### ABOUT THIS TASK
Your task is to print every entry below exactly as given.

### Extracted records

:::::

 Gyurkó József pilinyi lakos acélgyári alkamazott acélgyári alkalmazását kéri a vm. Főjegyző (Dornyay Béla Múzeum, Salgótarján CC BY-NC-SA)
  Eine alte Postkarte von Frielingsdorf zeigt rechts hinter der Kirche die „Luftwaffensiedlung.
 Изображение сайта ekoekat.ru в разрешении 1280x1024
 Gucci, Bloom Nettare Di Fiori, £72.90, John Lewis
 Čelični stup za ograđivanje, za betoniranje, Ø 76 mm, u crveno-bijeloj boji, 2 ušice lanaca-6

:::::

### SOLUTION TO THE PROBLEM
 Gyurkó József pilinyi lakos acélgyári alkamazott acélgyári alkalmazását kéri a vm. Főjegyző (Dornyay Béla Múzeum, Salgótarján CC BY-NC-SA)
  Eine alte Postkarte von Frielingsdorf zeigt rechts hinter der Kirche die „Luftwaffensiedlung.
 Изображение сайта ekoekat.ru в разрешении 1280x1024
 Gucci, Bloom Nettare Di Fiori, £72.90, John Lewis
 Čelični stup za ograđivanje, za betoniranje, Ø 76 mm, u crveno-bijeloj boji, 2 ušice lanaca-6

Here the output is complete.